The airport sits at an elevation of 1165 ft above sea level and occupies an area of 161 acres.

The airport has one runway, designated as runway 16/34. It measures 2,750 by 104 ft and is made of grass with no lighting. The airport has no regularly scheduled flights or arrivals. As a general aviation airport, it is mainly used by private pilots for personal use, and the runways can only accommodate smaller planes. The complex contains a hangar and several smaller buildings, but it has no control tower or permanent staffing. Instrument traffic is handled through the Minneapolis Air Route Traffic Control Center (ZMP) and the Lansing flight service station.

For the 12-month period ending December 31, 2019, the airport had 396 aircraft operations, an average of 33 per month. It was all general aviation.
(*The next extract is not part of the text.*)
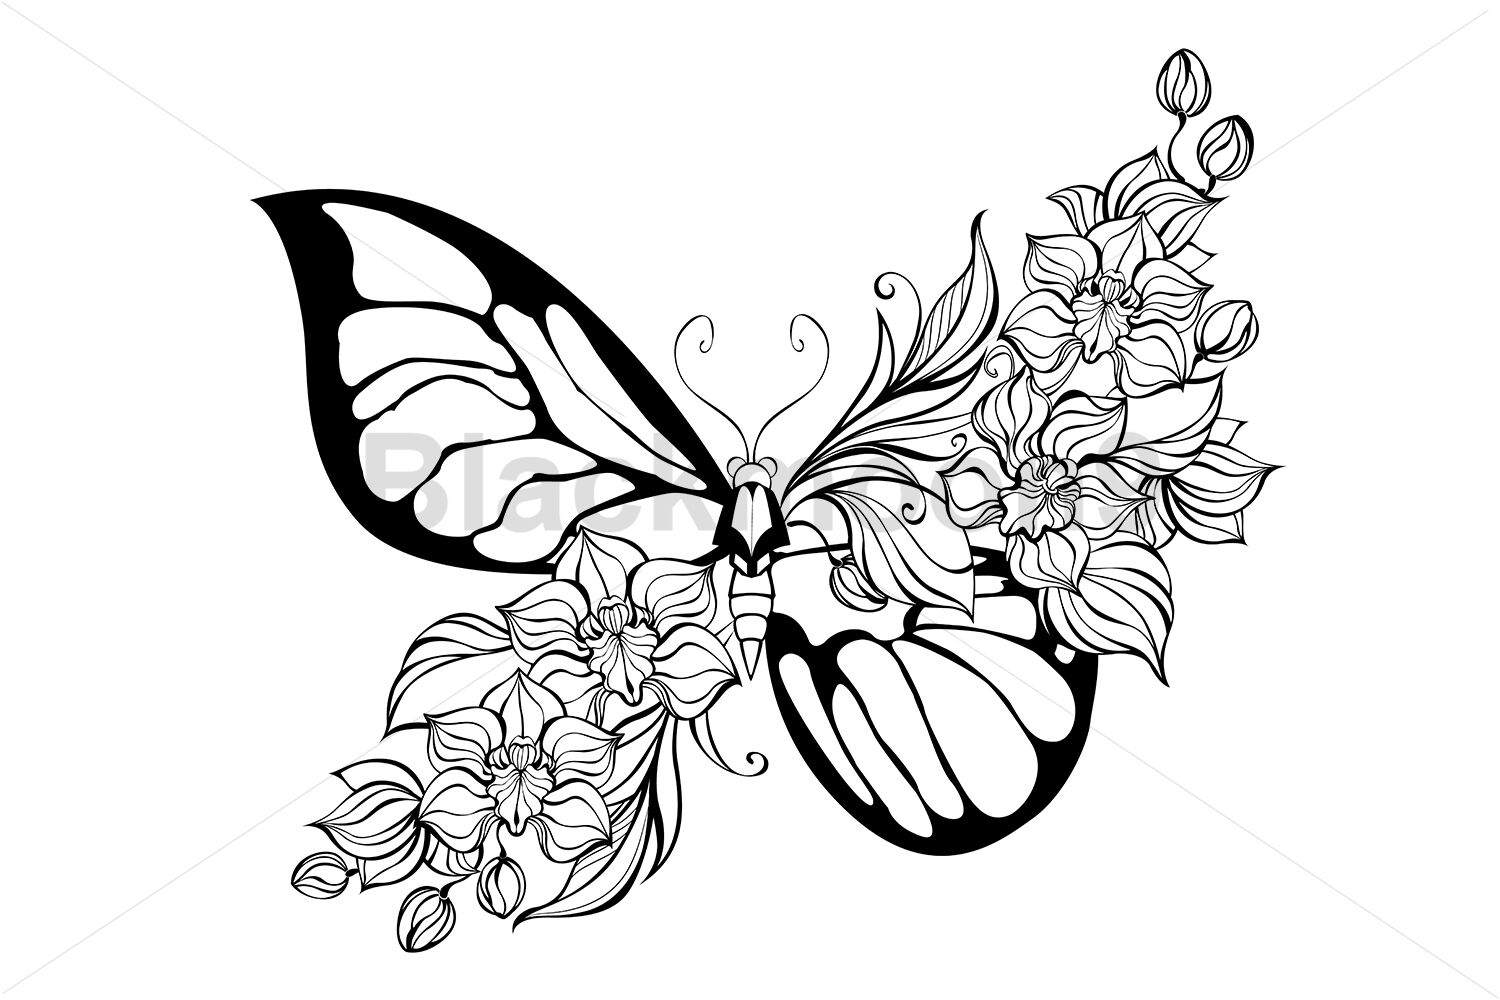 Butterflies in a Field of Freesias Drawing by Tiffany Gardiner - Pixels

For the same time period, 9 aircraft were based at the airport, all single-engine airplanes.

In 2019, the airport raised over $1,300 through fundraising to restore the airport's historic hangar.

==Nearby airports==
Houghton Lake State Airport is one of two public-use airports in Roscommon County. Roscommon County–Blodgett Memorial Airport is a larger facility located about 6 nmi east in Markey Township. Other nearby public airports include Grayling Army Airfield 21 nmi north, Gladwin Zettel Memorial Airport 25 nmi southeast, West Branch Community Airport 27 nmi east, and Wexford County Airport 27 nmi west.

The Cherry Capital Airport in Traverse City is the nearest primary airport offering commercial services. It is located 38 nmi to the northwest.
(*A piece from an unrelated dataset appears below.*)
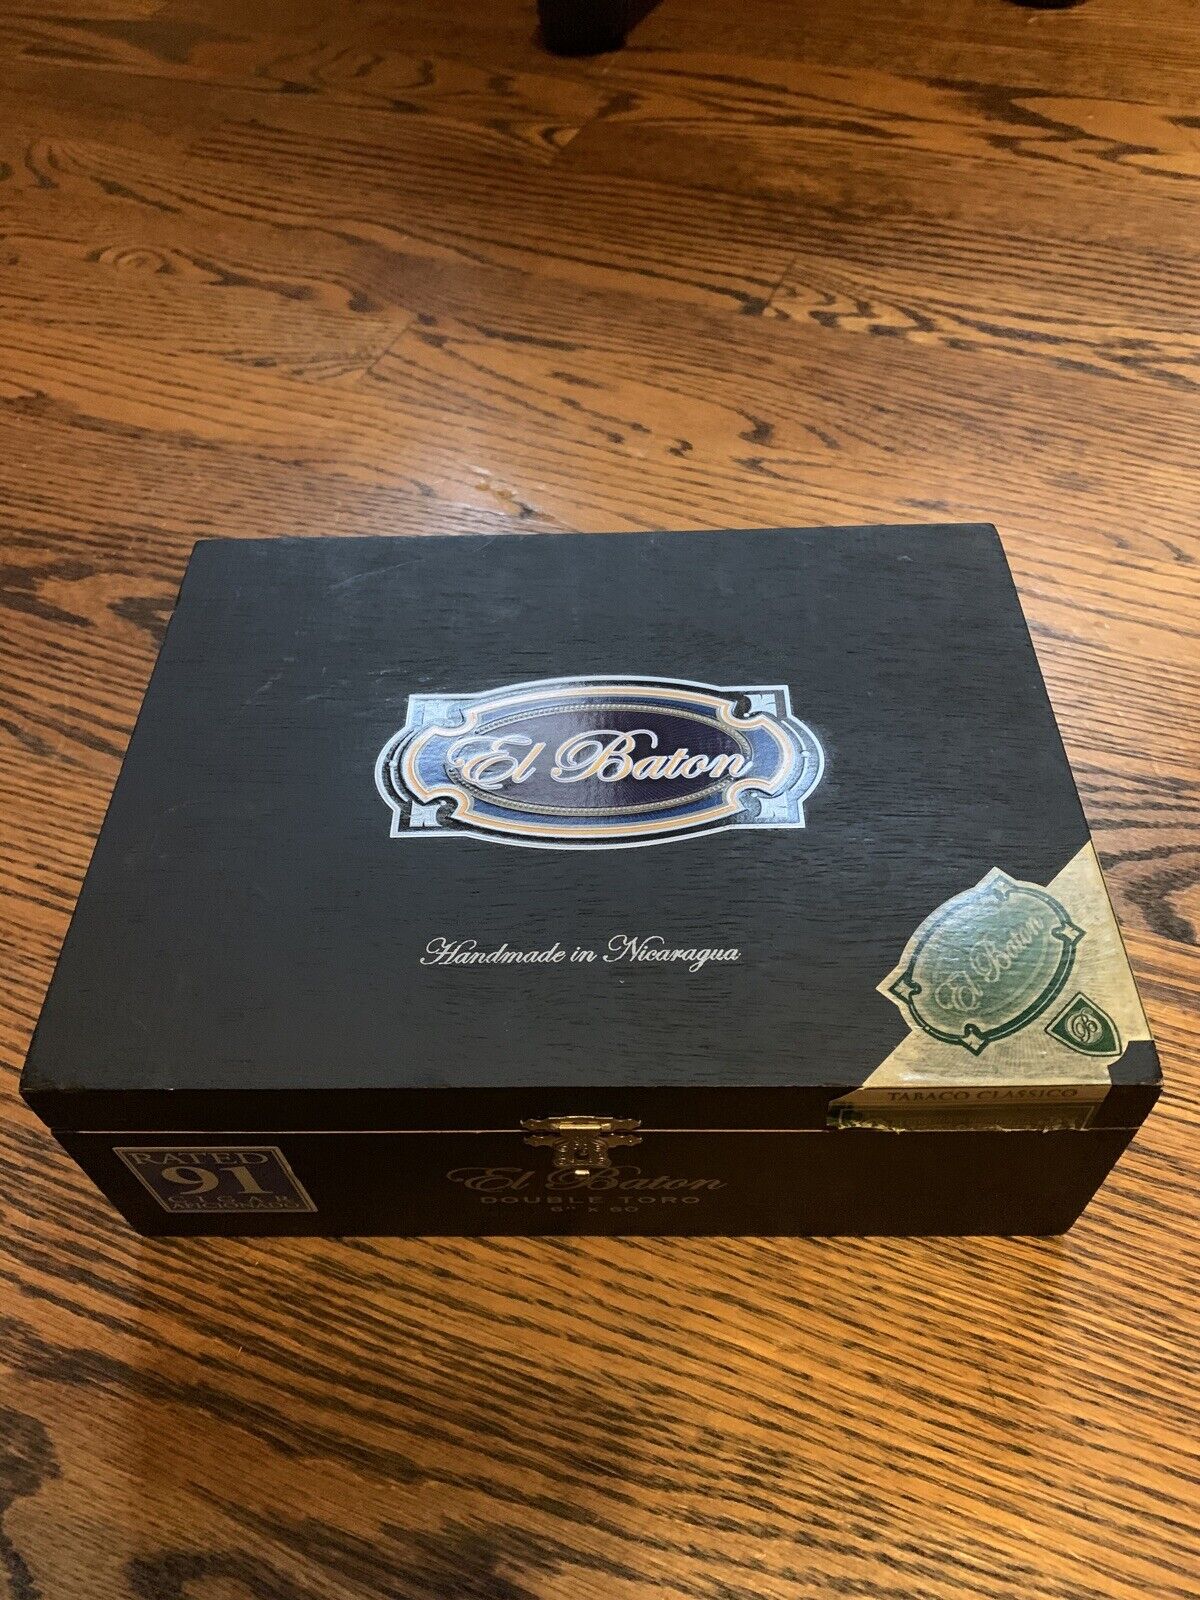 El Baton Nicaraguan Handmade Cigars Black Box 9.25”x7”x3.25” Excellent Condition

== Accidents and incidents ==

- On July 2, 2016, a single-engine Piper aircraft with four people aboard crashed while landing at Houghton Lake State Airport for a fly-in. All aboard were uninjured. One person onboard said the plane came in too slow and nosed over just before touchdown.
- On July 8, 2018 a Best Off Skyranger experimental light-sport airplane, N4329R, made a forced landing shortly after takeoff from Houghton Lake State Airport. According to the pilot, he did not observe any anomalies with the airplane or its engine during his preflight inspection and the fuel tank contained about 12 gallons of automotive fuel before the flight. The pilot did not observe any anomalies during his before-takeoff engine runup. The pilot reported that the takeoff roll, rotation, and initial climb from runway 16 was uneventful; however, as the airplane climbed through 150 ft above ground level the engine speed rapidly decreased from 6,200 rpm to 4,700 rpm. Despite the pilot's corrective actions, the engine continued to operate at a decreased power setting and the airplane was unable to maintain altitude. The pilot reported that there were trees ahead of the airplane's flight path, so he made a turn into the wind and maneuvered to land on a nearby golf course fairway. The pilot stated that the airplane had insufficient altitude and airspeed to flare normally, which resulted in a hard landing on the fairway.